Но что такое завтрашнее решение Ассамблеи? Данный в руки инструмент, не более. Это не цель, это лишь карт-бланш для достижения цели. Что такое сделанное Ольге предложение? Попытка придвинуть поближе к себе мелкий винтик, может быть и не очень нужный. А что до практических результатов почти трехлетней работы, то с ними дело по-прежнему обстоит не очень. И пусть кое-что до сих пор относится к разряду невозможного – но и в возможном было понаделано предостаточно ошибок…
Пропал Тимофей Гаев, как его и не было. Со дня сражения на подступах к Ананке и гибели половины Четвертой эскадры прошло почти семь месяцев – а зачитанная до дыр распечатка «мемуаров» Гаева была случайно найдена при личном обыске эксмена, подозреваемого в связях с подпольем, всего-навсего два месяца назад! И искали-то совсем другое, а главное, ни одна из делавших обыск дур не смогла сразу понять, что обнаружена не обыкновенная писулька подрывного характера, не очередной злобный пасквиль, а нечто из ряда вон выходящее по своей значимости! Безвозвратно утекло еще несколько бесценных дней, пока, наконец, рукопись не попала к тем, кого она прямо касалась. В тот же день она была обнаружена в Сети под издевательски-простым паролем. Немедленно поступила команда бросить дополнительные силы на поиски виртуального нелегала Войцеха Вокульского, продолжающиеся и поныне. Чему удивляться? Виртуальный мир обширнее, разнообразнее и сложнее мира настоящего, локализация искомого объекта требует времени, а время ушло…
Работнички! Как на словах, так хранители священных основ и искоренители скверны, а как дойдет до дела, так хоть лезь в петлю. Иной раз хочется выстроить головотяпов и тяпать их по головам чем потяжелее. Да и себя иной раз не мешало бы…
Первое, что приходило в голову при беглом знакомстве с текстом, – фальшивка. Но кто, кроме нее, полковника Фаустовой, а также полковника (ныне – генерал-поручика) Сивоконь и наглеца Тима Гаева, мог знать все детали неприятнейшей, унизительной сцены, разыгравшейся вот здесь, в этом самом кабинете? С какой стороны ни глянь, это был противозаконный сговор с эксменом.

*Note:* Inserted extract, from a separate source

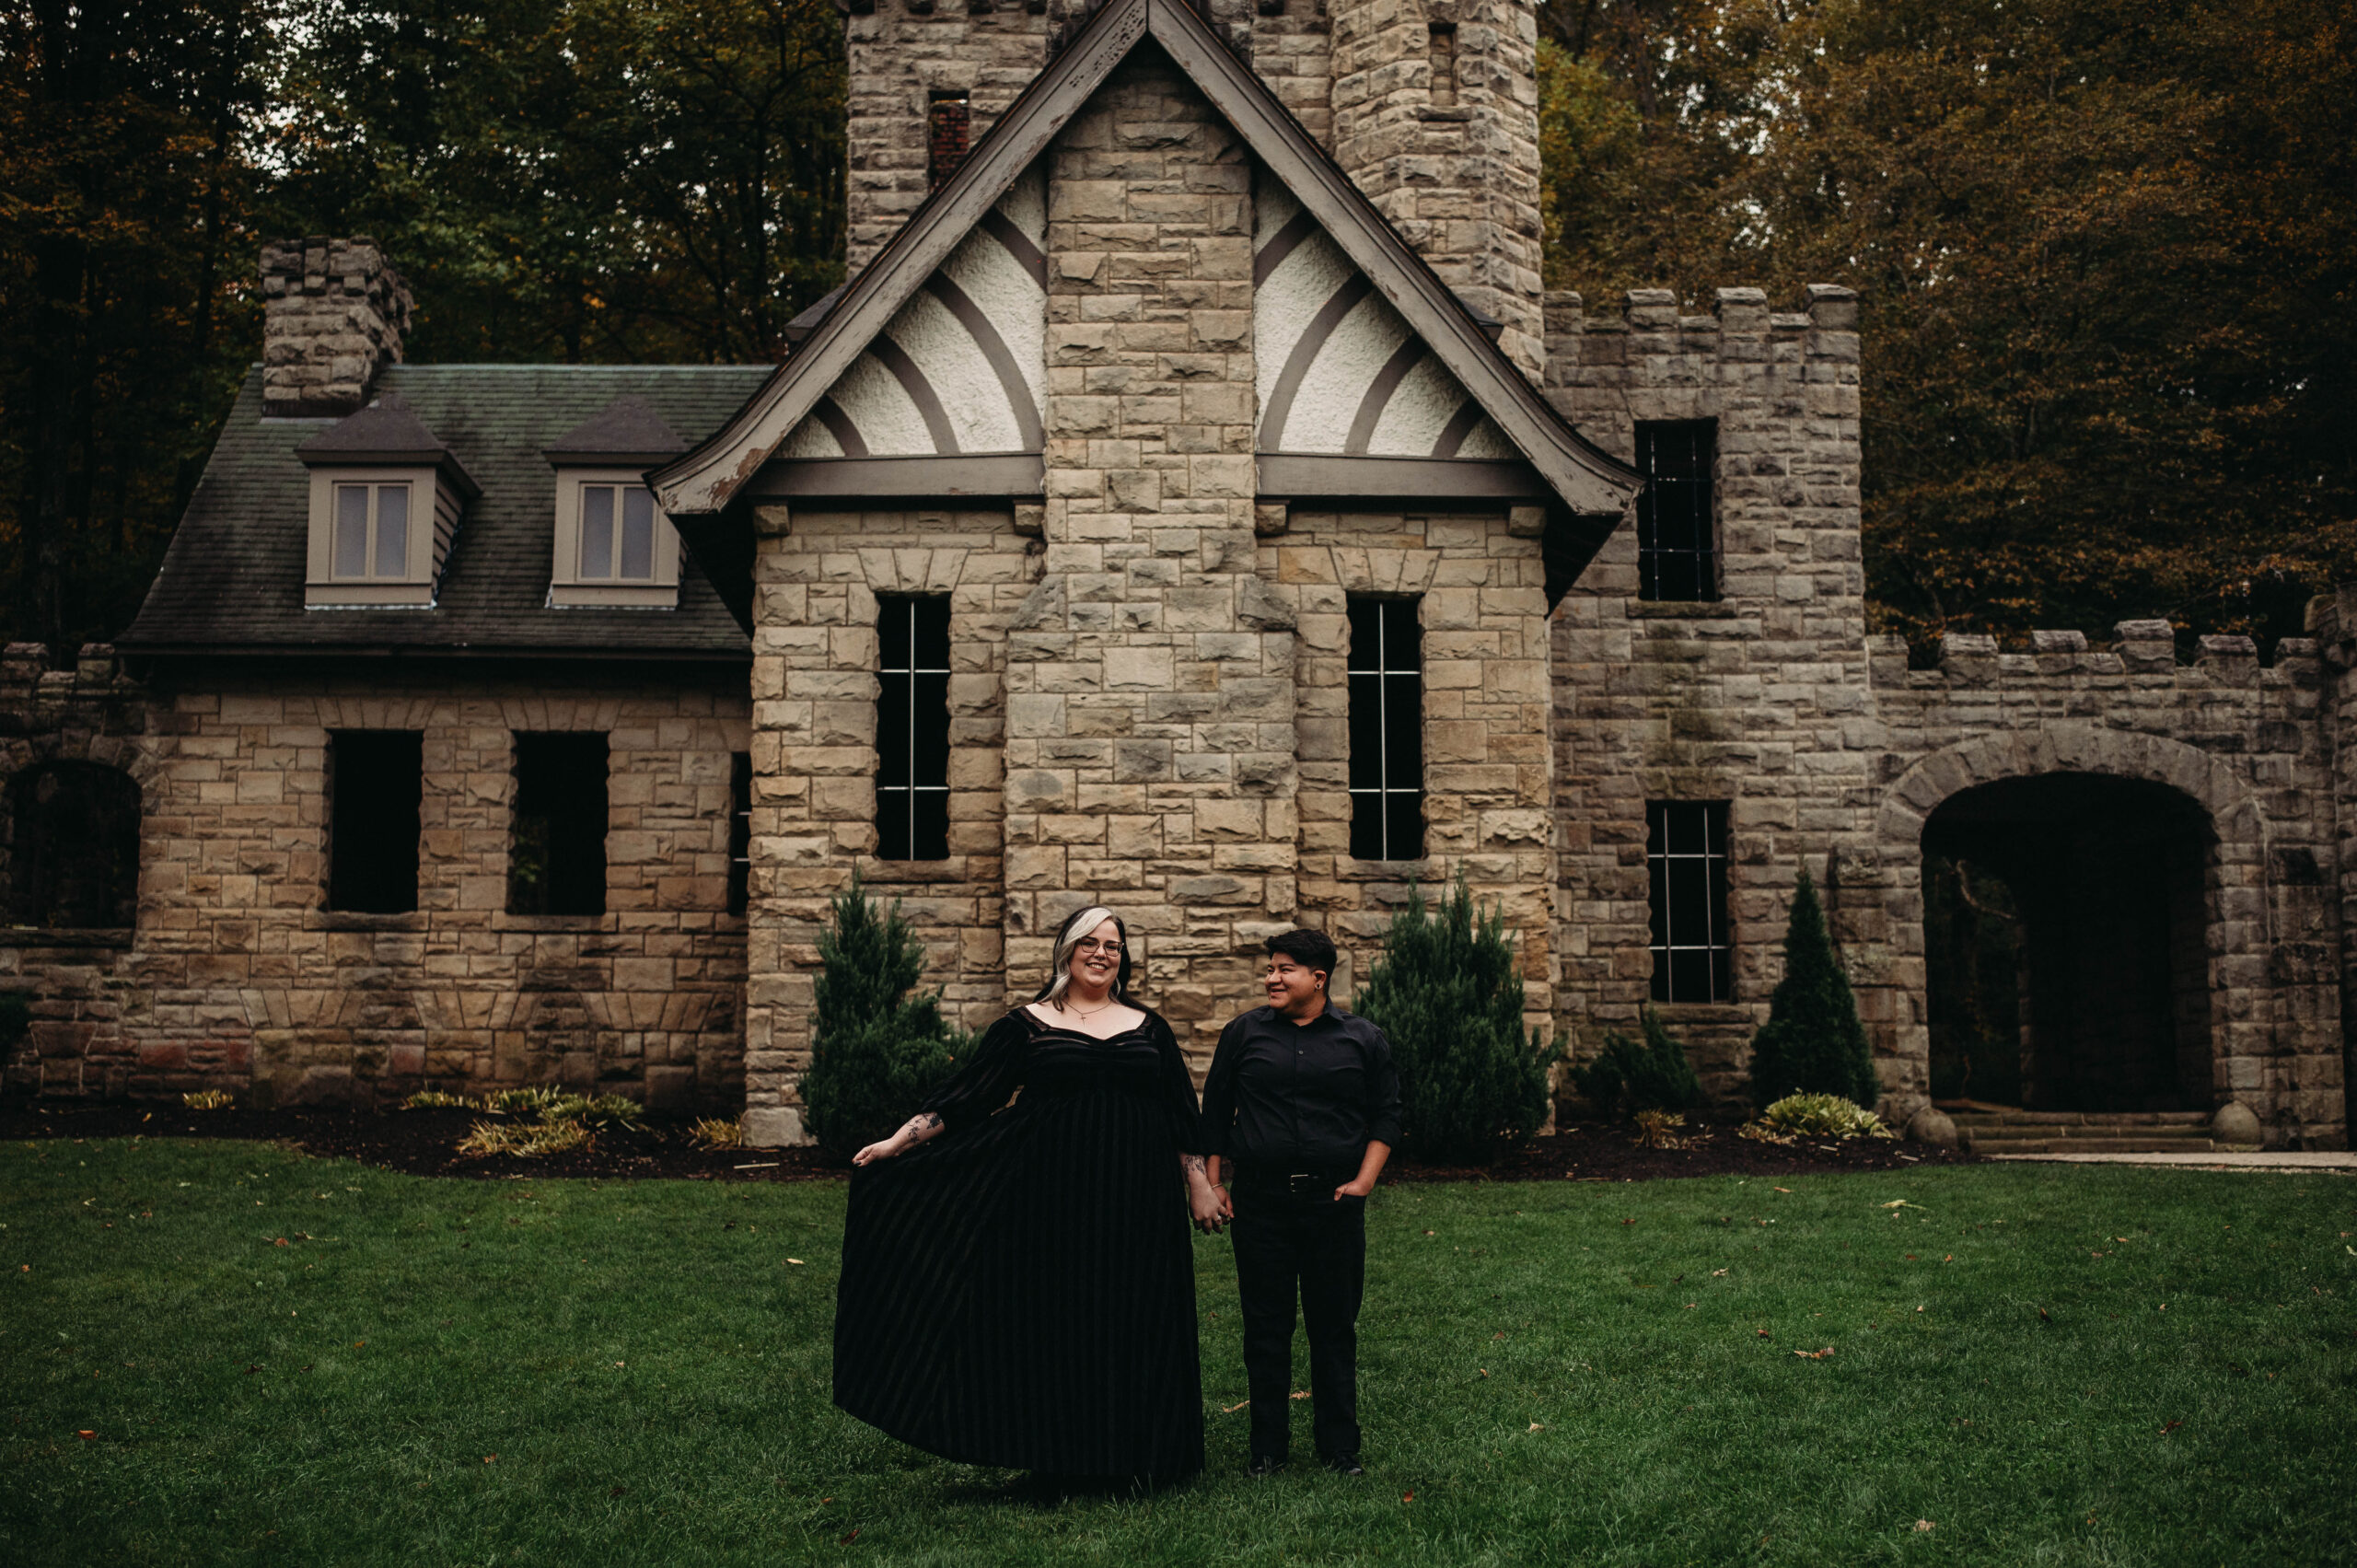 Gothic wedding venue in Ohio for Jolene and Casy.

Ради высокой цели, разумеется. И начальство дало санкцию. Не в том дело. Дело в другом: подслушивание практически исключено, а значит – что? Значит, Тим Гаев не только выжил в операции «Эгида», но и неким малопонятным образом ухитрился передать свои записки – назовем их так – на Землю?
Если да, то этот документ надо рассматривать как ценнейший источник информации. По счастью, кое-что поддавалось проверке. Трое эксменов-пилотов из тех, что прикрывали Гаева в бою возле Ананке, а потом каким-то чудом сумели уцелеть в жутком побоище близ Цереры, были допрошены со всей тщательностью. Серьезных расхождений между их показаниями и текстом «мемуаров» в части, касающейся Ананке, не выявилось. В показаниях не было и стопроцентного совпадения деталей – наблюдалась нормальная дисперсия, какая бывает при отсутствии предварительного сговора. К сожалению, не удалось допросить остальных свидетелей – раненные эксмены, взятые на борт «Магдалены», и те, что эвакуировались с Ананке на «Незабудке», остались на Церере и, разумеется, погибли вместе с базой.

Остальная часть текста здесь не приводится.